Document Type

Article

Publication Date

Summer 2019

Abstract

This Article examines the impact of state voter identification laws on college students’ ability to exercise their constitutional right to vote, with a particular focus on seven Southeastern states: Tennessee and its six contiguous neighbors—Alabama, Georgia, Kentucky, Mississippi, North Carolina, and Virginia. Building on prior scholarship, the Article categorizes these jurisdictions as either “college student friendly” or “college student unfriendly” based solely on whether college student identification cards were accepted as valid forms of voter identification during the 2012 and 2016 presidential elections and the 2018 midterm elections.
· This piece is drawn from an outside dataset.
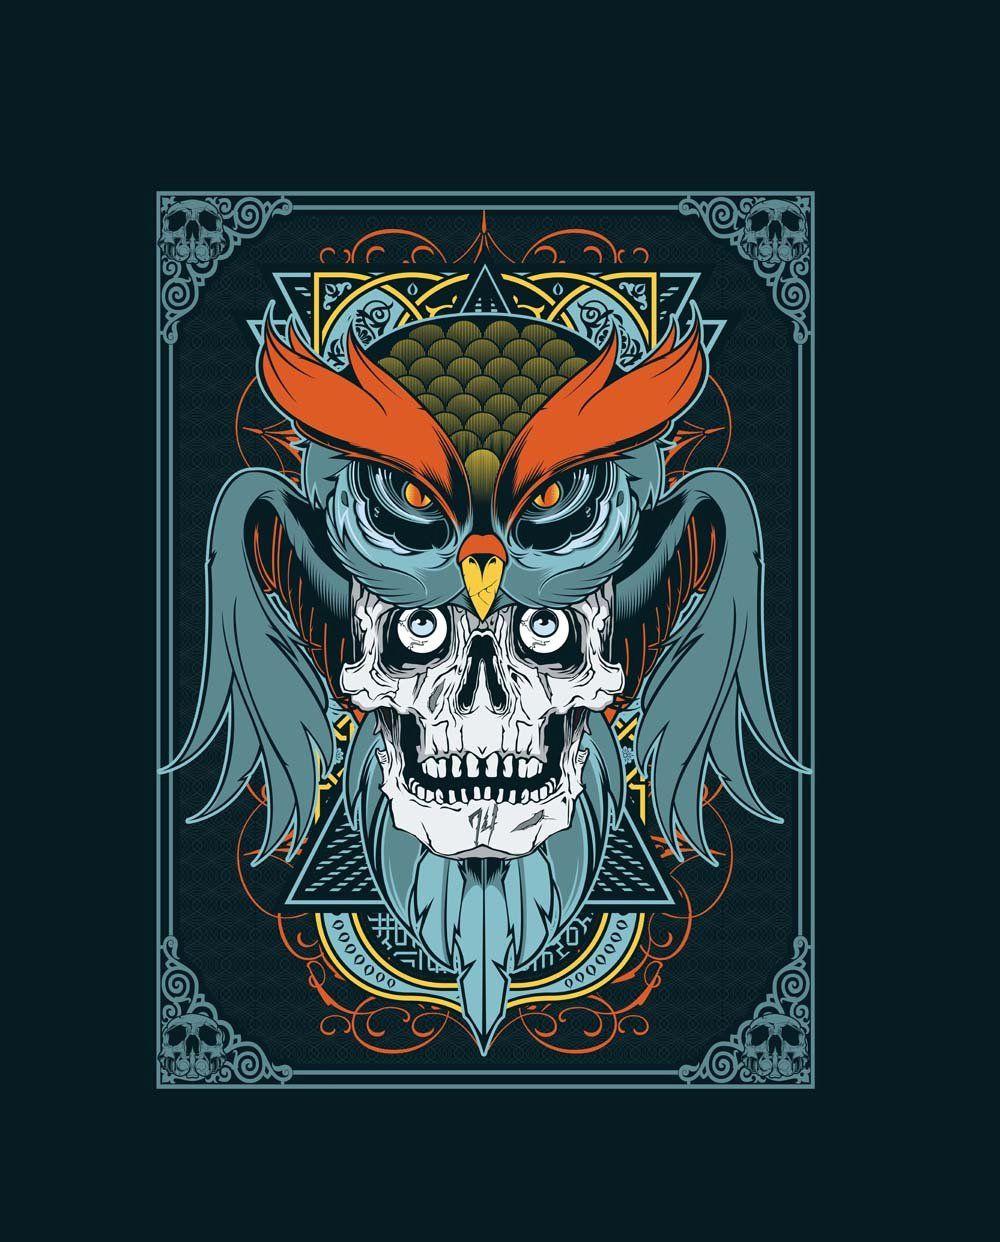 Design t shirt artwork - Adobe Illustrator Photoshop Tutorial T Shirt Design In Illustrator Using Owl And Skull Vector Art Use Illustrator To Draw A Biker Style Graphic Using

After reviewing the historical development of voter ID laws, relevant provisions of the Fourteenth and Twenty-Sixth Amendments, and significant Supreme Court decisions—including Symm v. United States, Crawford v. Marion County Election Board, and Shelby County v. Holder—the Article analyzes the practical and constitutional implications of excluding student IDs from acceptable forms of identification. It argues that certain strict photo ID regimes, particularly Tennessee’s, create unnecessary barriers that disproportionately burden student voters. The Article concludes that states seeking to eliminate obstacles to electoral participation should permit students at both public and private institutions to use their college-issued photo identification to vote where they attend school, thereby better aligning voter ID requirements with constitutional protections and democratic principles.